1Novartis Pharmaceuticals Corporation, East Hanover, NJ, USA

2Oncology Consultants PA, Houston, TX, USA

3Oregon Health and Science University, Portland, OR, USA

4Sarah Cannon Research Institute/Tennessee Oncology, PLLC, Nashville, TN, USA

5The University of Texas MD Anderson Cancer Center, Houston, TX, USA

6Berry Consultants, Austin, TX, USA

7US Oncology Research and Comprehensive Cancer Centers of Nevada, Las Vegas, NV, USA

8Virginia Cancer Specialists, Fairfax, VA, USA

9Incyte, Wilmington, DE, USA

10Current affiliation: Daiichi Sankyo, Inc, Basking Ridge, NJ, USA

*These authors have contributed equally to this work

Correspondence to:

Barinder P. Kang, email: [email protected]

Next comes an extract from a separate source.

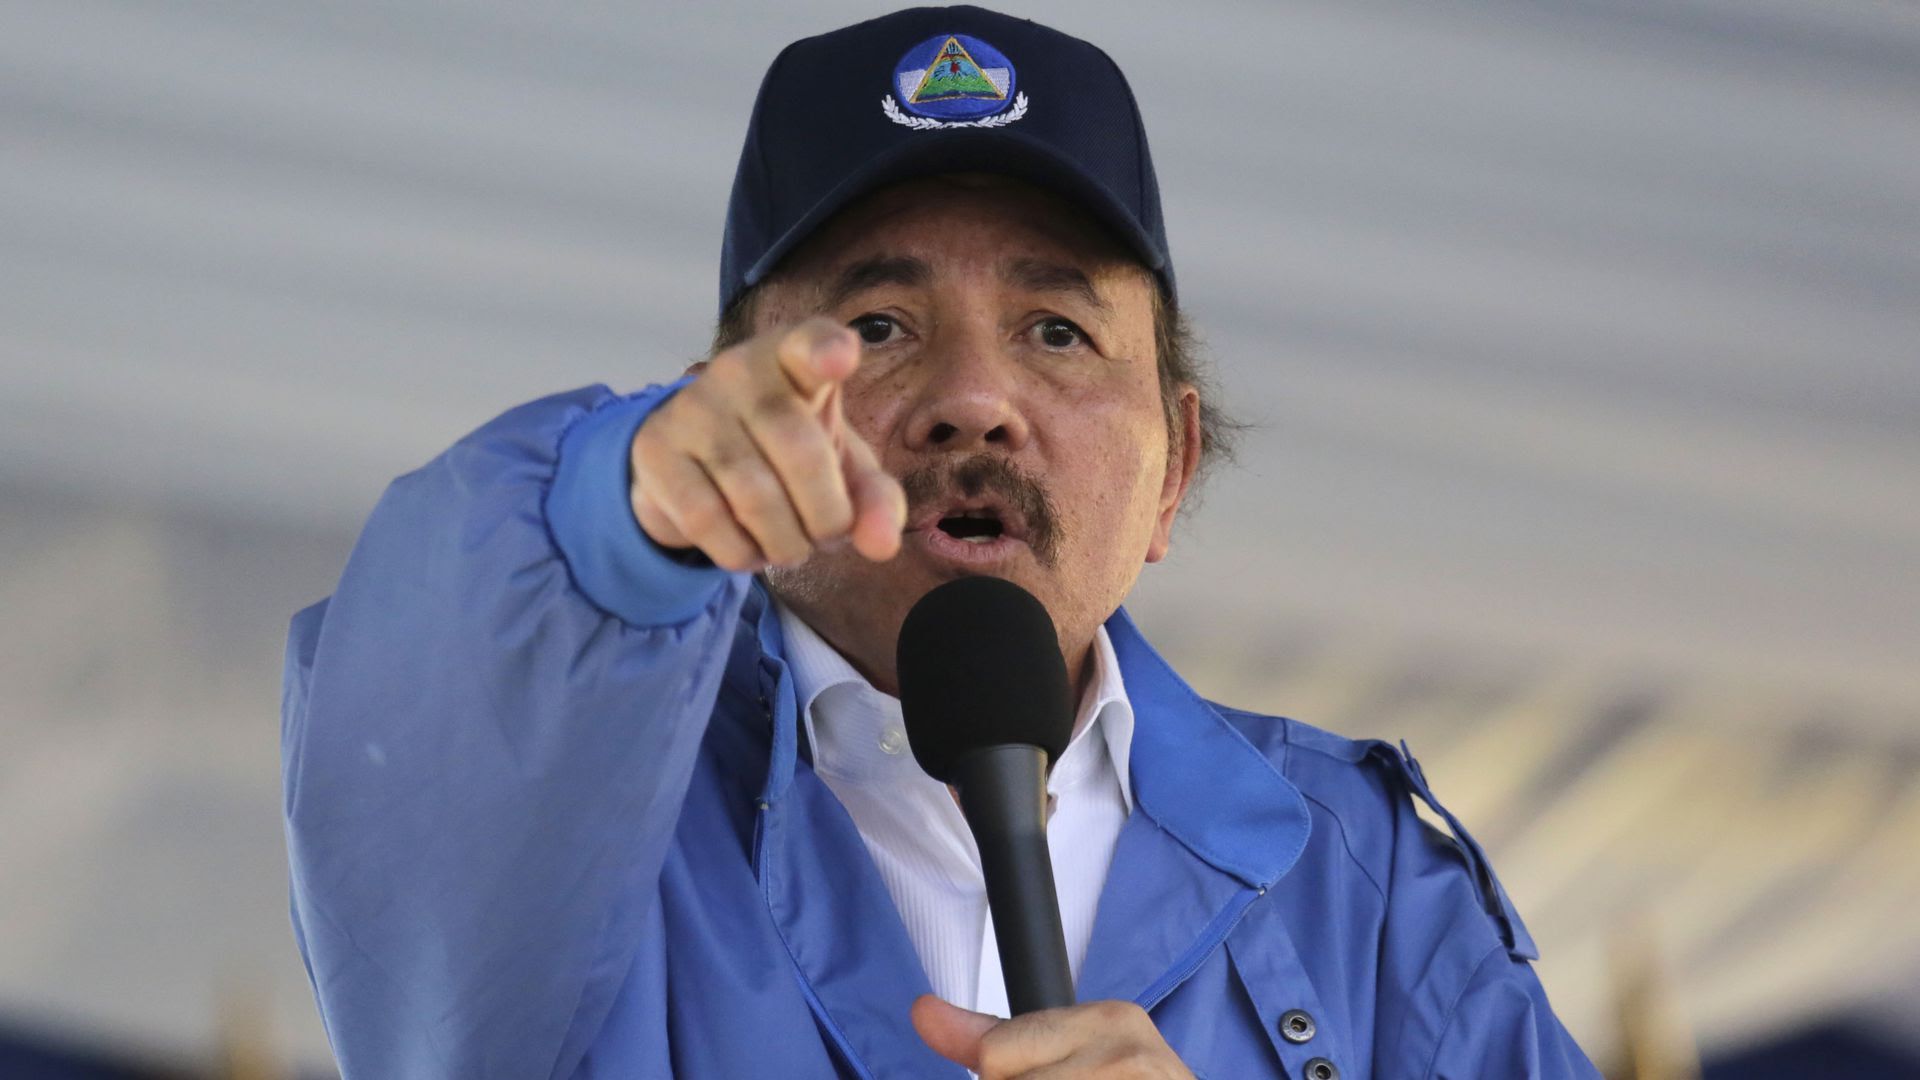 Nicaraguan President Daniel Ortega in 2018. Photo: Inti Ocon/AFP via Getty Images
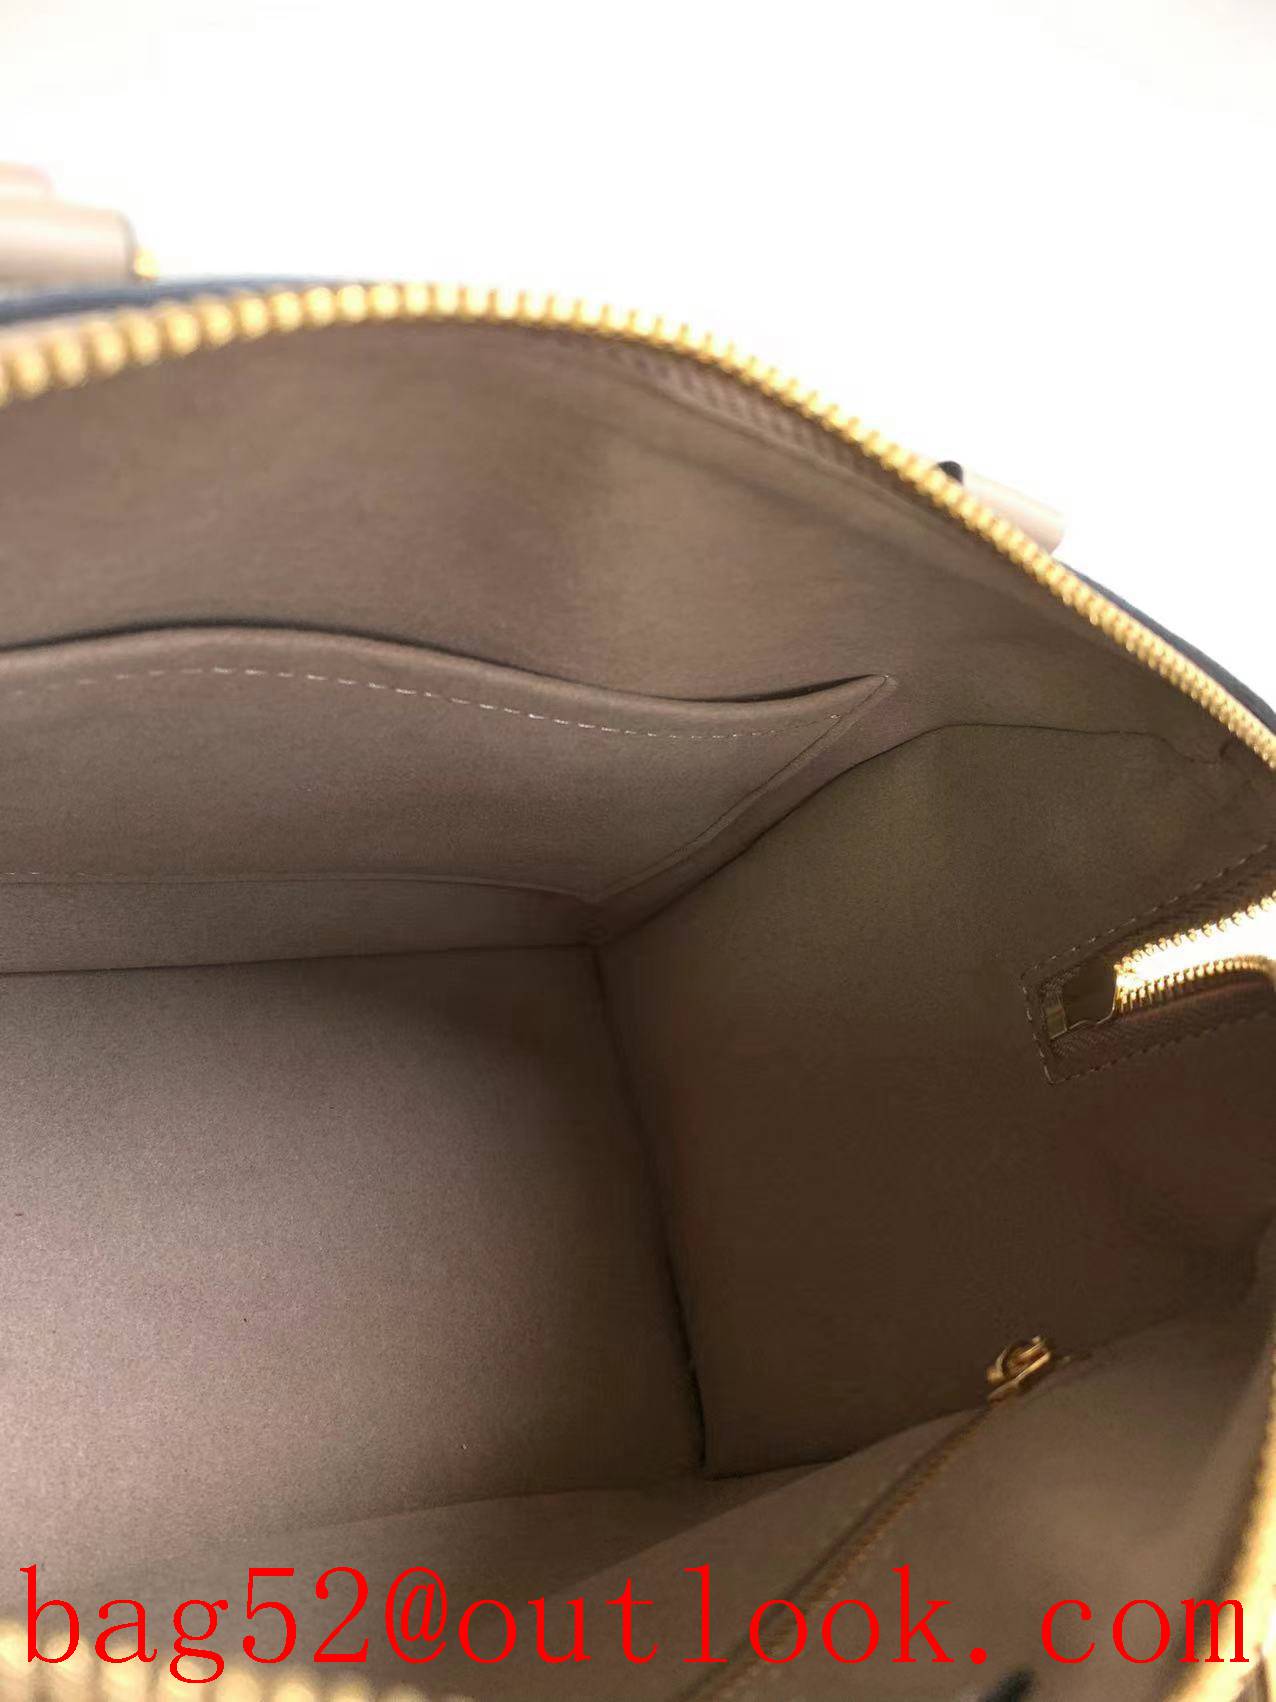 LV Louis Vuitton Monogram Speedy Bandouliere 25 Bag Handbag M59273 Khaki

Keywords: signature; clinical trial design; basket trial; mutations; tissue agnostic

Received: September 30, 2017    Accepted: March 21, 2018    Published: April 20, 2018


Investigating targeted therapies can be challenging due to diverse tumor mutations and slow patient accrual for clinical studies. The Signature Program is a series of 8 phase 2, agent-specific basket protocols using a rapid study start-up approach involving no predetermined study sites. Each protocol evaluated 1 agent (buparlisib, dovitinib, binimetinib, encorafenib, sonidegib, BGJ398, ceritinib, or ribociclib) in patients with solid or hematologic malignancies and an actionable mutation. The primary endpoint of each study was the clinical benefit rate (ie, complete or partial response, or stable disease) at 16 weeks. A total of 192 individual sites were opened in the United States, with a median start-up time of 3.6 weeks. The most common tumor types among the 595 treated patients were colorectal (9.2%), non-small cell lung adenocarcinoma (9.1%), and ovarian (8.4%). Frequent genetic alterations were in PIK3CA, RAS, p16, and PTEN. Overall, 30 partial or complete responses were observed with 6 compounds in 16 tumor types. The Signature Program presents a unique and successful approach for rapid signal finding across multiple tumors and allowed various agents to be evaluated in patients with rare alterations. Incorporating these program features in conventional studies could lead to improved trial efficiencies and patient outcomes.